Supplied information:

^^^^^^^^

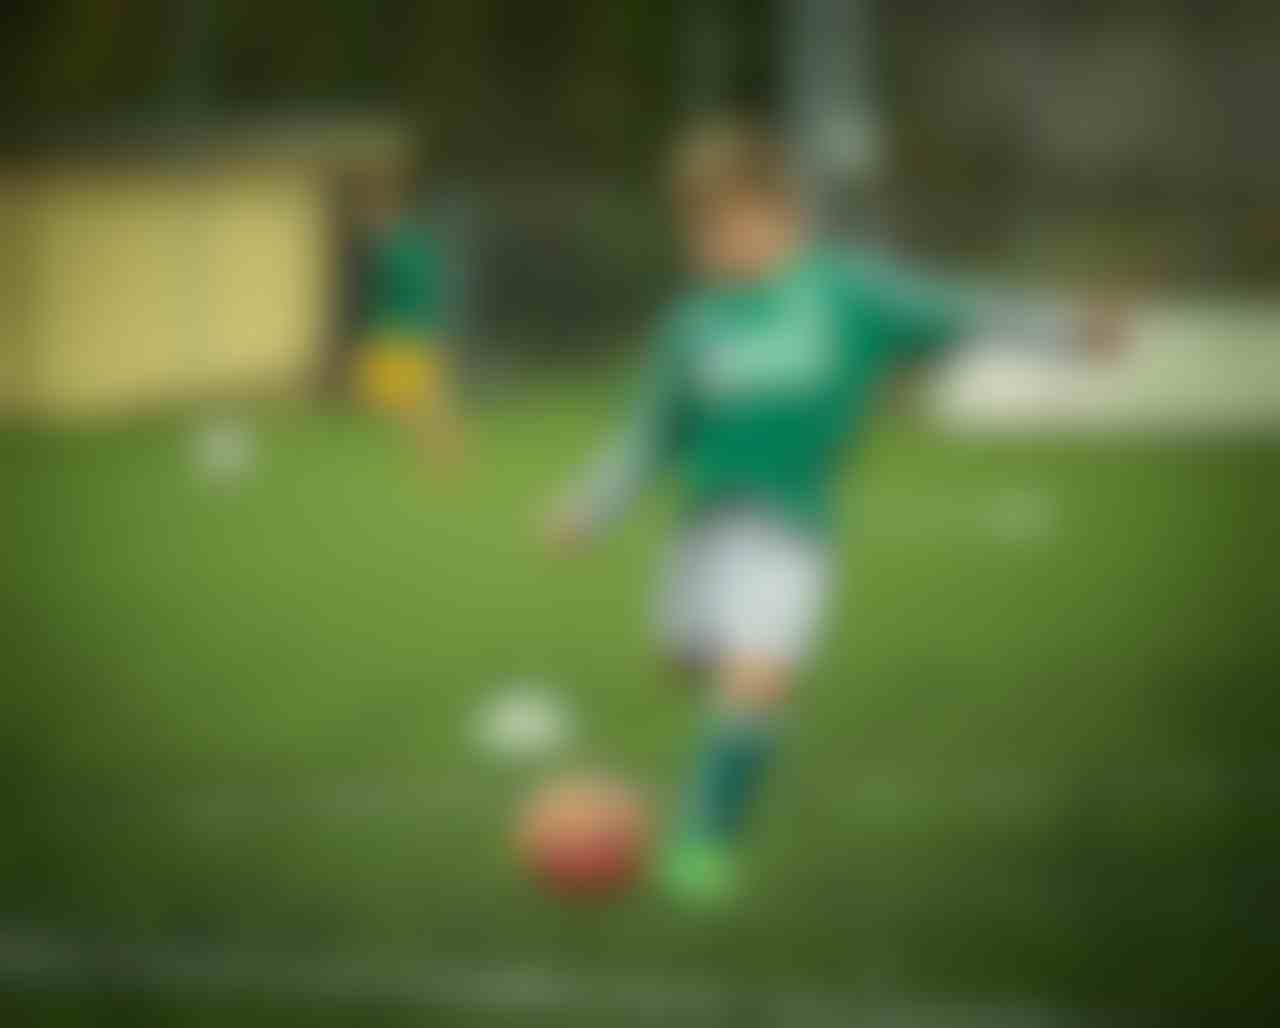 https://pixabay.com/nl/photos/kind-voetbal-spelen-trap-613199/
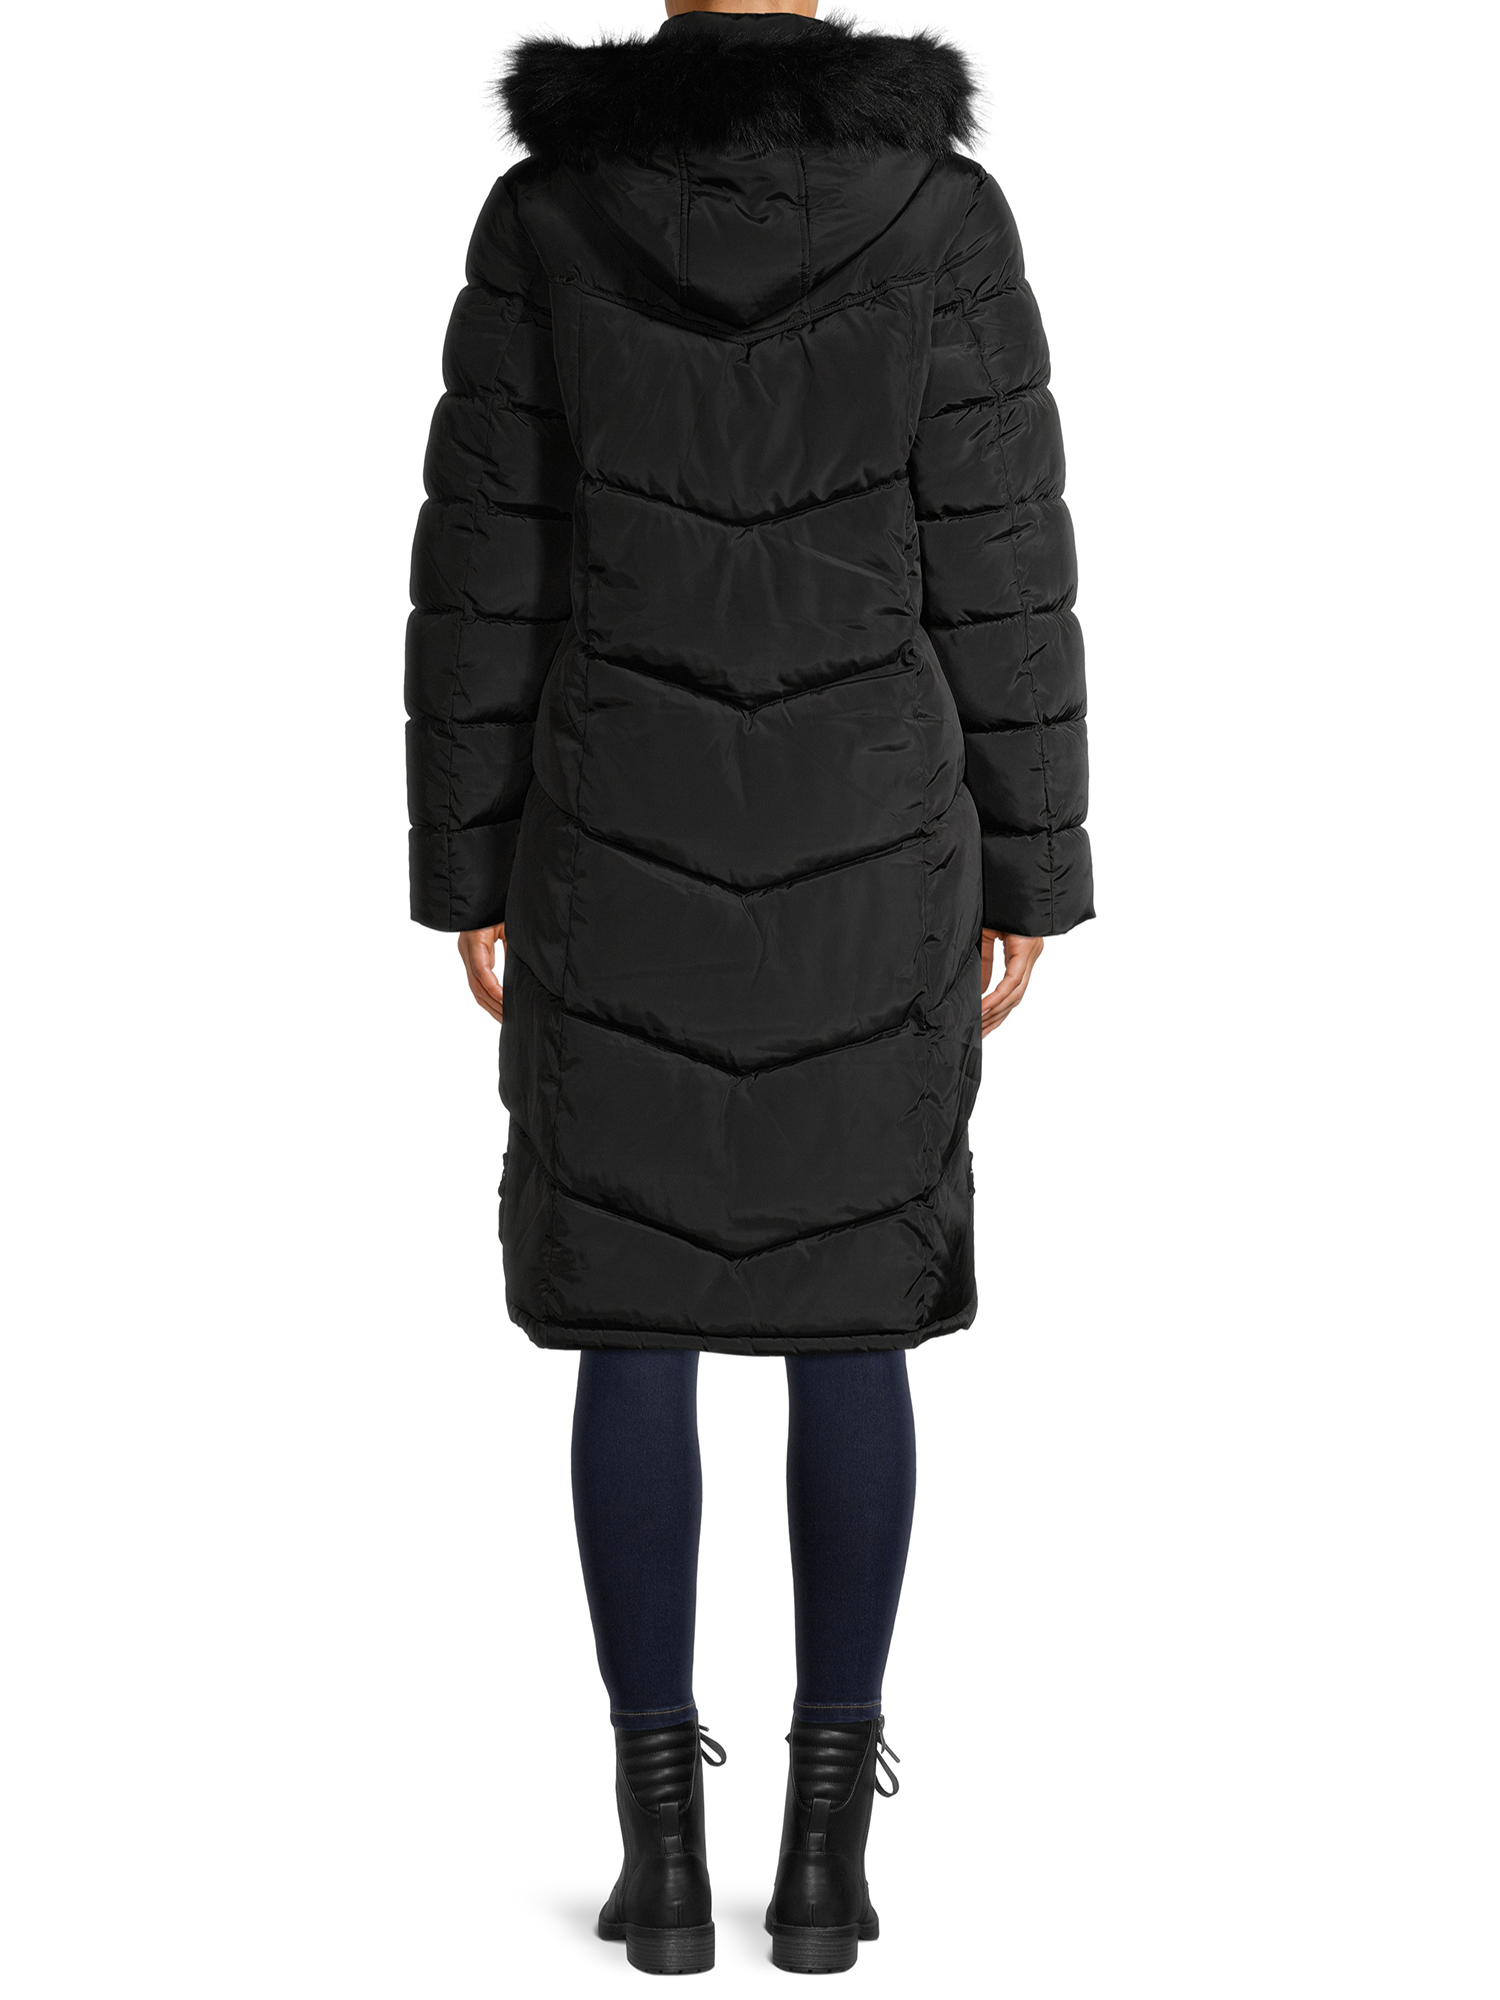 Big Chill Women's Maxi Chevron Puffer Coat with Faux Fur Trim Hood - image 5 of 6
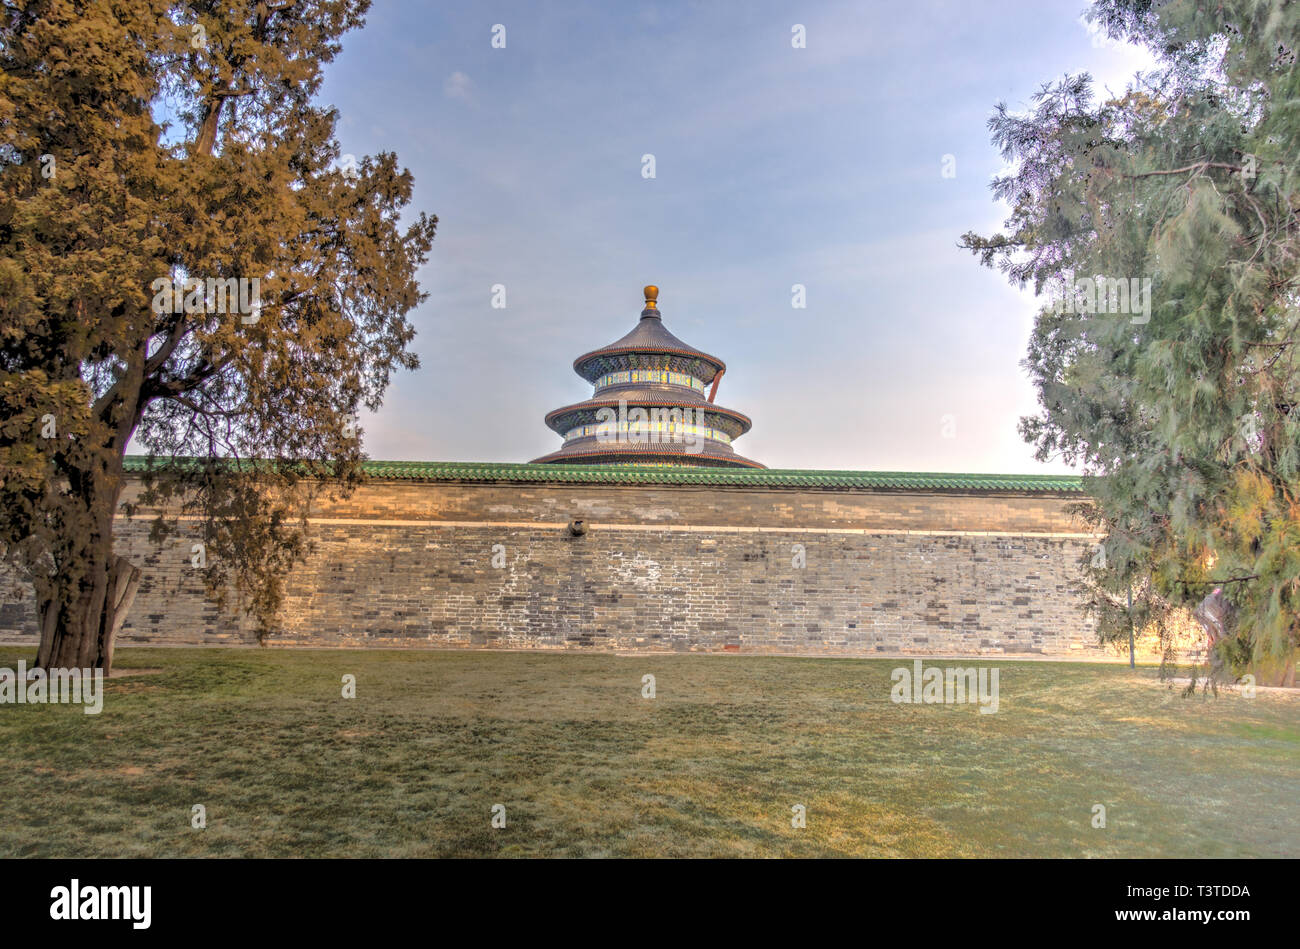 Temple of Heaven, Beijing, China Stock Photo
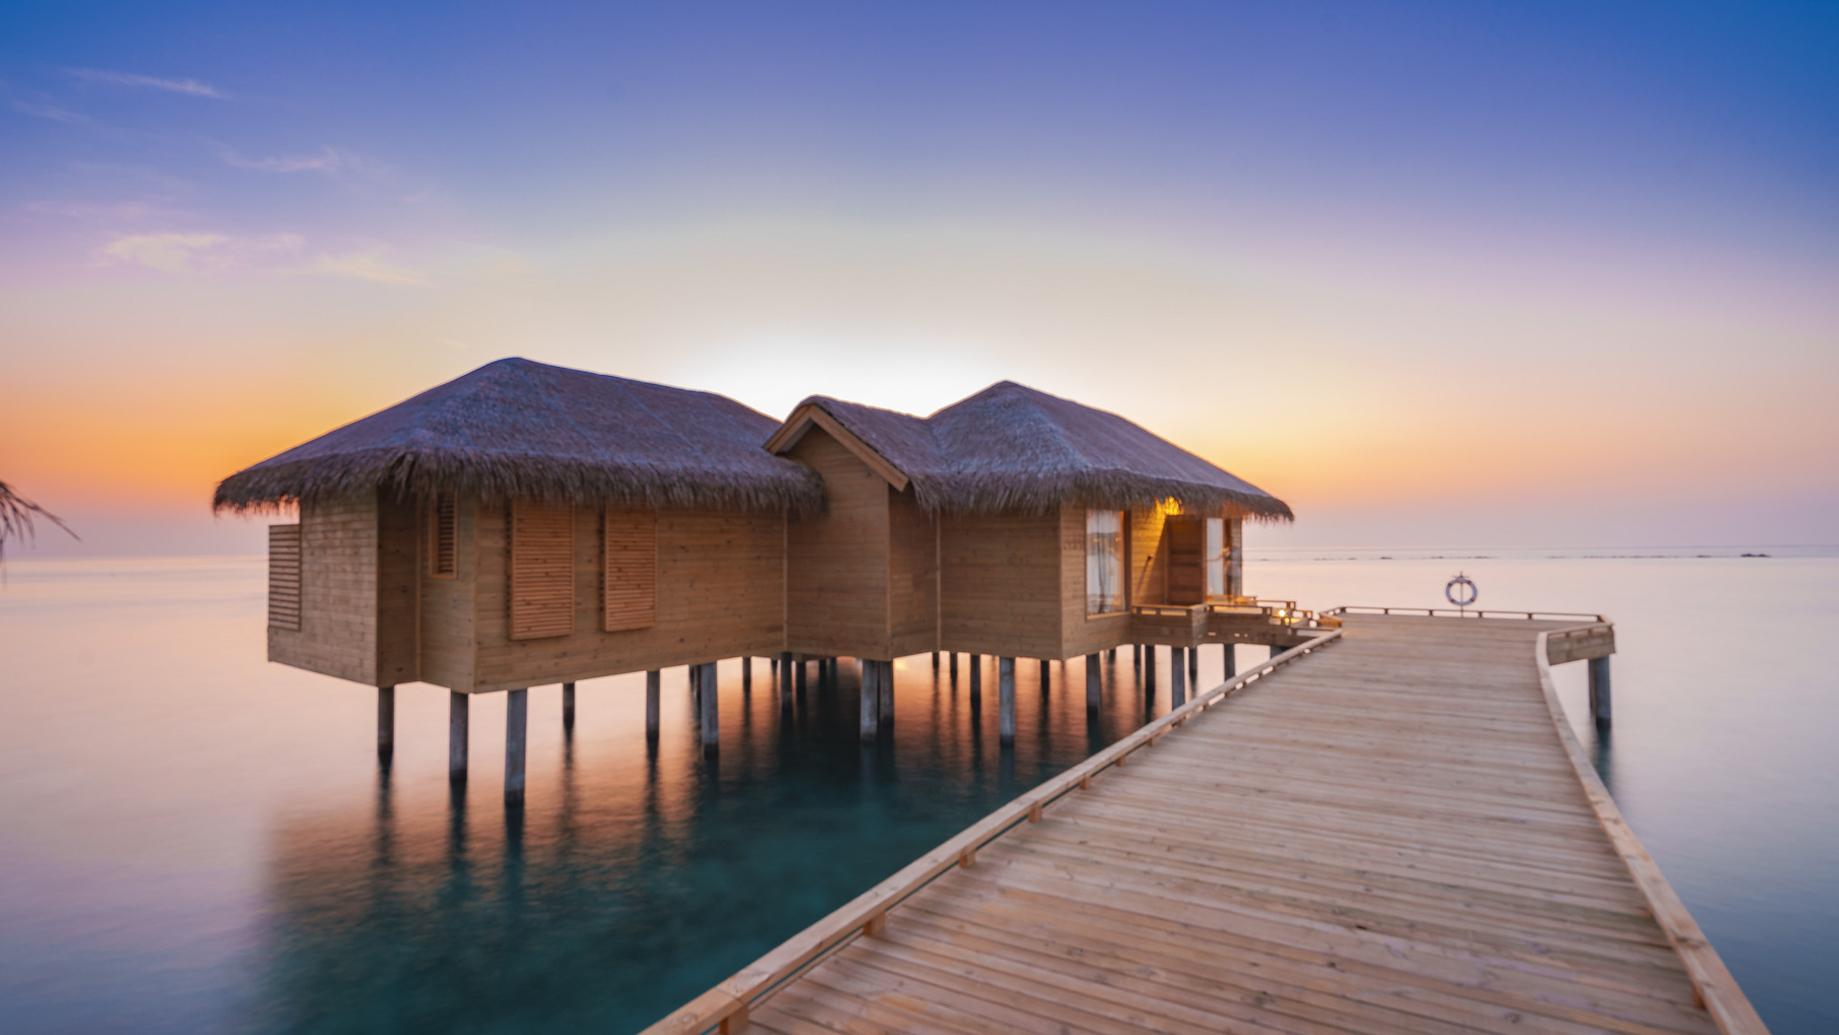 You & Me Maldives Resort - Uthurumaafaru, Raa Atoll, Maldives - You and Me Suite Sunset

^^^^^^^^

About this exercise:
Copy the data above word for word. Pictures stay out.

Written response:
 https://pixabay.com/nl/photos/kind-voetbal-spelen-trap-613199/
 Big Chill Women's Maxi Chevron Puffer Coat with Faux Fur Trim Hood - image 5 of 6
 Temple of Heaven, Beijing, China Stock Photo
 You & Me Maldives Resort - Uthurumaafaru, Raa Atoll, Maldives - You and Me Suite Sunset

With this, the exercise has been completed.